Il PRIVILEGIO dei PRIVILEGI !!!

———- Sono passati quasi 2 anni, da quando il principe Harry ha piantato baracca e burattini ed e’ volato lontano; aprendo una delle più profonde e pubbliche spaccature della famiglia reale. Dopo essere svolazzato via dalla tossicità di Buckingham Palace, ha continuato ad infierire contro la corona, insultando in diverse occasioni padre e fratello. 

E’ venuto meno alla regola fondamentale “never complain never explain”; criticando la vita di corte, il potere dei tabloid, le dure e rigide direttive di palazzo ed il principio deleterio di reprimere i sentimenti. Siamo tutti saliti sul treno di Harry e Meghan, schiacciati dalla freddezza e dalla rigidità della monarchia inglese. I fuggitivi, grazie all’ingente eredità di Diana, sono riusciti a cambiare vita, trasferirsi oltre oceano, e comprare una lussuosa villa vicino ad Oprah Winfrey.

Entrambi in prima linea su tematiche e battaglie sociali e civili, Harry si e’ concentrato sul tema della salute mentale, raccontando gli anni bui e la spirale negativa in cui era sprofondato, dopo la morte prematura della madre.

Il suo ultimo intervento ha, però, scatenato non poche polemiche. Il Principe, infatti, si e’ lanciato in un excursus discutibile. L’insegnamento esistenziale del duca di Sussex e’ molto semplicistico: abbandonare il lavoro che non appaga e non rende felici. Più facile a dirsi che a farsi, soprattutto nel periodo post Covid, in cui in molti hanno perso il lavoro e hanno dovuto arrangiarsi per sopravvivere ed arrivare alla fine del mese. 

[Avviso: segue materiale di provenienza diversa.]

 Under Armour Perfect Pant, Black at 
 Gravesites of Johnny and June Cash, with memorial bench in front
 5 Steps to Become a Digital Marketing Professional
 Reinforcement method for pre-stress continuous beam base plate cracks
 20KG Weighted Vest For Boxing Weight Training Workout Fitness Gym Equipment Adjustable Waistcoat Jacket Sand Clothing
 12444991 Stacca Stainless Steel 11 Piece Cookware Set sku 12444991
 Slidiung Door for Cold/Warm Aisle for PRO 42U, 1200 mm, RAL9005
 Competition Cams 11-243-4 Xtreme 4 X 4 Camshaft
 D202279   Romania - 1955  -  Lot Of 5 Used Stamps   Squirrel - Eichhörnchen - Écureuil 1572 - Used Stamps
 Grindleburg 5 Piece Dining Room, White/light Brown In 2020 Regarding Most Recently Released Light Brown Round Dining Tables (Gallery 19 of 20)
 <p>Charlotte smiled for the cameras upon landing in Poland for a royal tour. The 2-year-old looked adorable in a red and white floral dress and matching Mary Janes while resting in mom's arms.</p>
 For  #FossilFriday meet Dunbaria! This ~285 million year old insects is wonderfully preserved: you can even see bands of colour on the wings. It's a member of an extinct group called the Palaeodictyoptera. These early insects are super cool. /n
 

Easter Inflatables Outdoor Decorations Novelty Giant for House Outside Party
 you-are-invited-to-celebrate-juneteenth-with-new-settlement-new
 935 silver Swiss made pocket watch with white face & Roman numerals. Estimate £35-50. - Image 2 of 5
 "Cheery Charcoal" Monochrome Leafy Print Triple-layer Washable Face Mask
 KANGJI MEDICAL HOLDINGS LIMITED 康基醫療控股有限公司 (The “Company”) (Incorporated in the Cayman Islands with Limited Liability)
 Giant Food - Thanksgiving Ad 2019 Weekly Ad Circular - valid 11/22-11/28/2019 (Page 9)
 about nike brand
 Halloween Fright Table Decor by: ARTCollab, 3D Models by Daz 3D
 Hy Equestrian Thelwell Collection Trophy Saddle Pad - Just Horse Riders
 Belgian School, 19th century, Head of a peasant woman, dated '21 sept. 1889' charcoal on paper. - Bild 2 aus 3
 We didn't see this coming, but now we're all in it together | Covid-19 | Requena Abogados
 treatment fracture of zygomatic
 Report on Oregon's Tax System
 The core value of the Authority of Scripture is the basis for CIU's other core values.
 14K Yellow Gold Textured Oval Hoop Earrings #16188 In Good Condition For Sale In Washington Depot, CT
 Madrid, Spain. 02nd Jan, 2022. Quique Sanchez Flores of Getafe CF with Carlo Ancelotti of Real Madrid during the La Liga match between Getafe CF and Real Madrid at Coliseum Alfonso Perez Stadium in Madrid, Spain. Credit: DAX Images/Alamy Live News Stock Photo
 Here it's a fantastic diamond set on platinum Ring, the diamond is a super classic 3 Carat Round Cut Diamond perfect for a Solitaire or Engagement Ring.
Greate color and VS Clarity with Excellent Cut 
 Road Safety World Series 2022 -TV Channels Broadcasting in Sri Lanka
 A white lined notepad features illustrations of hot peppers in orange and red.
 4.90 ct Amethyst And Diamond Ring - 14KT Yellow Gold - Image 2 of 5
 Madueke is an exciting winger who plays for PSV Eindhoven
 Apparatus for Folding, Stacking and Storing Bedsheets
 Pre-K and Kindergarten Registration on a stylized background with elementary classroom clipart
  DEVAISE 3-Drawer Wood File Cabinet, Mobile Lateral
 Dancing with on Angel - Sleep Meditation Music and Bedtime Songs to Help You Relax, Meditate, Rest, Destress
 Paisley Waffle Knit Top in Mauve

La presa di coscienza sulla salute mentale, ed il voler rincorrere il lavoro perfetto, non paga ne’ bollette ne’ affitto. Il privilegio dei privilegi, per eccellenza, e’ fare un lavoro che rende felici, ma la gente comune e’ spesso costretta, per svariati motivi, ad accontentarsi per poter portare a casa la pagnotta. 

Il punto di partenza, l’importanza della salute mentale, del principe ribelle e’ rilevante e valido. Ma la responsabilità principale non deve cadere sul lavoratore infelice che non si dimette, ma sulla situazione economica che non permette facile transizione da un lavoro ad un altro, e sulla poca attenzione dei datori di lavoro nel creare un ambiente sano e vivibile.